To solve this problem, MIT researchers have developed a technique that can generate highly exact Gaussians from depth images with just one pass, after which they can be discarded, so the chip never has to save the entire image at once.

Instead of comparing each pixel with every other pixel in a 3D image, their algorithm assumes that nearby pixels belong to the same Gaussian, so you just need to compare each pixel with its neighbors.

“Only a few pixels need to be stored in memory at any given time, which greatly reduces the amount of memory required by our algorithm,” Li says.

Using co-design

However, as the robot moves through space, it usually sees the same object from different points of view. When it generates a Gaussian, some of them will overlap because they represent the same object. This may result in the 3D map being too enormous to be stored on the edge device.

Combining overlapping Gaussians makes the map more compact, but this typically requires the algorithm to process many raw pixels stored in memory. Scientists have developed a novel technique to perform the fusion process directly on the overlapping Gaussians, without having to revisit the original pixels. Since Gaussians are more compact than pixels, this significantly reduces memory and energy requirements.

The algorithms are based on the same principle – most of the calculations are based directly on compact Gaussians rather than the original pixels, which enables energy efficiency.

Scientists apply this principle to design a chip that stores the Gaussians they are actively working on in miniature, rapid on-chip memory, right next to the compute units. This is only possible because the Gaussian map is so compact.
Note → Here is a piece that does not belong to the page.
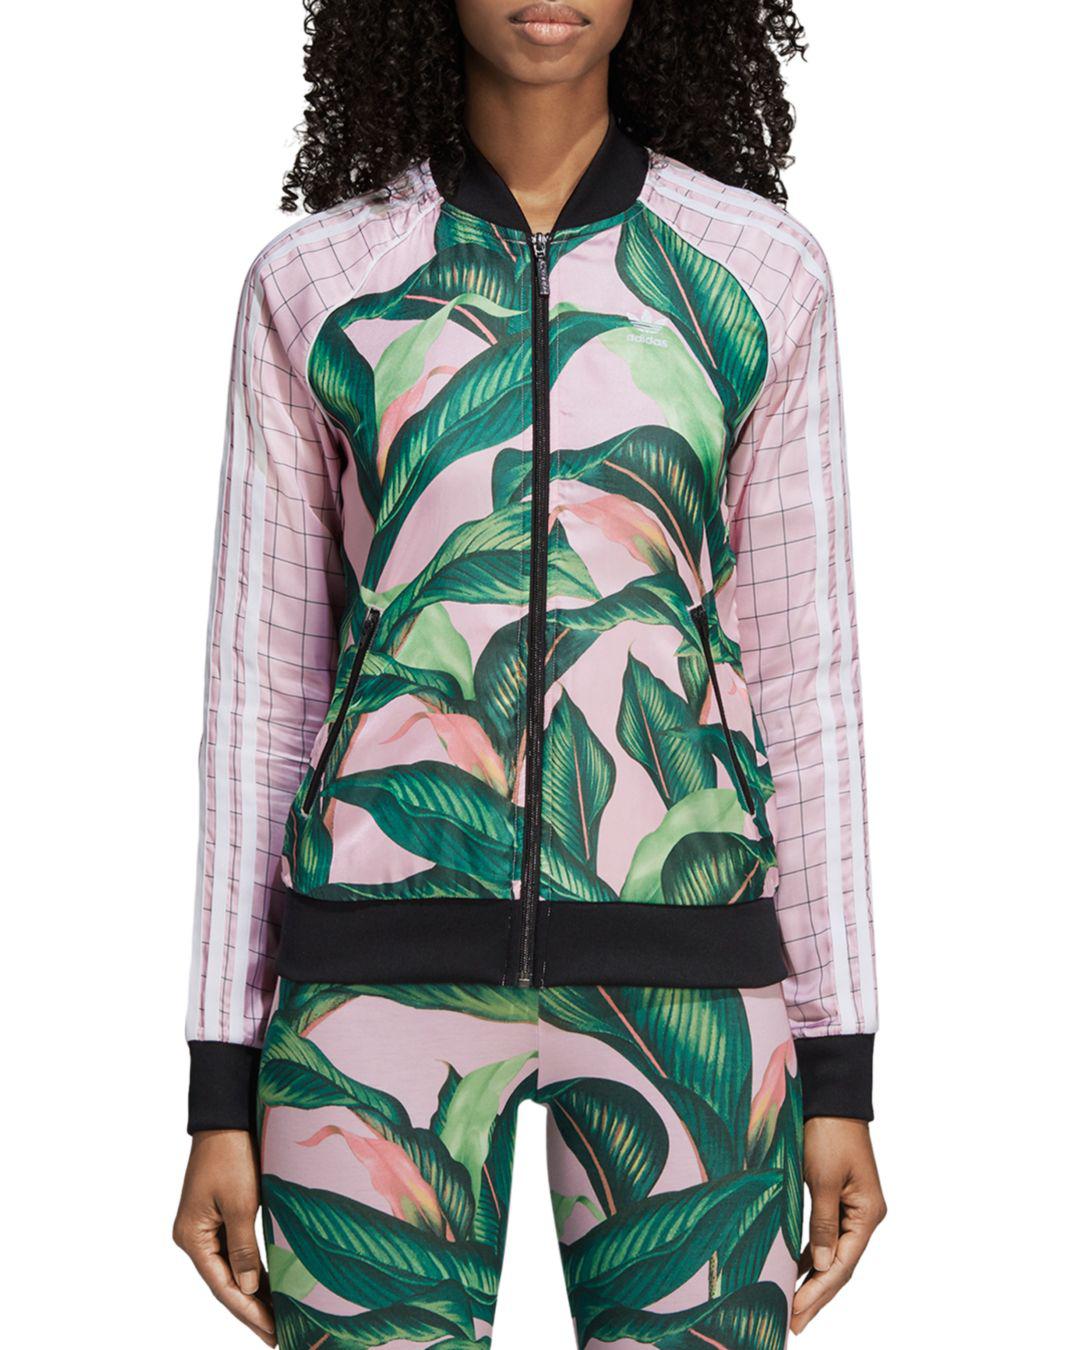 adidas palm tree jacket

The Gaussans that the robot will need to work on next are waiting in memory units built into the chip, so they don’t have to be retrieved from more distant, power-hungry off-chip memories.

“By having dedicated memory that only stores objects you saw in the previous few frames, you can access the data much more efficiently,” explains Fu.

They tested the system-on-chip by reconstructing a variety of different pre-existing 3D environments. The chip can also reconstruct obstacles and clear space directly from live data from the iPhone’s camera.

Gleanmer generated detailed 3D maps in real time, using about 6 milliwatts of power. It required only about 2.5 percent of the power that the best existing map-building chip would require.

By reusing compact Gaussians along a planned path, the chip allows the robot to chart a secure trajectory while using only about 20 percent of the energy it would otherwise need.

“We reduce memory usage by making sure the algorithm is efficient. We then accelerate the workload performed by that efficient algorithm, so that ultimately our chip is as efficient as possible,” Li says.

Scientists plan to further improve energy efficiency by moving the chip’s processing units closer to sensors that collect environmental data. They could also explore additional applications, such as using Gaussians to represent patterns. This can facilitate AI systems formulate elaborate plans more effectively.

“Real-time 3D mapping is the missing element for small autonomous systems. A drone inspecting a pipeline or a pair of AR glasses moving around a room need to understand the surrounding space – instantly, continuously and with almost no energy costs. Gleanmer makes this possible for the first time in a chip you can hold in your fingers,” says Karaman.

This work is supported in part by the MIT-MathWorks Fellowship, Amazon, the U.S. National Science Foundation, and Intel.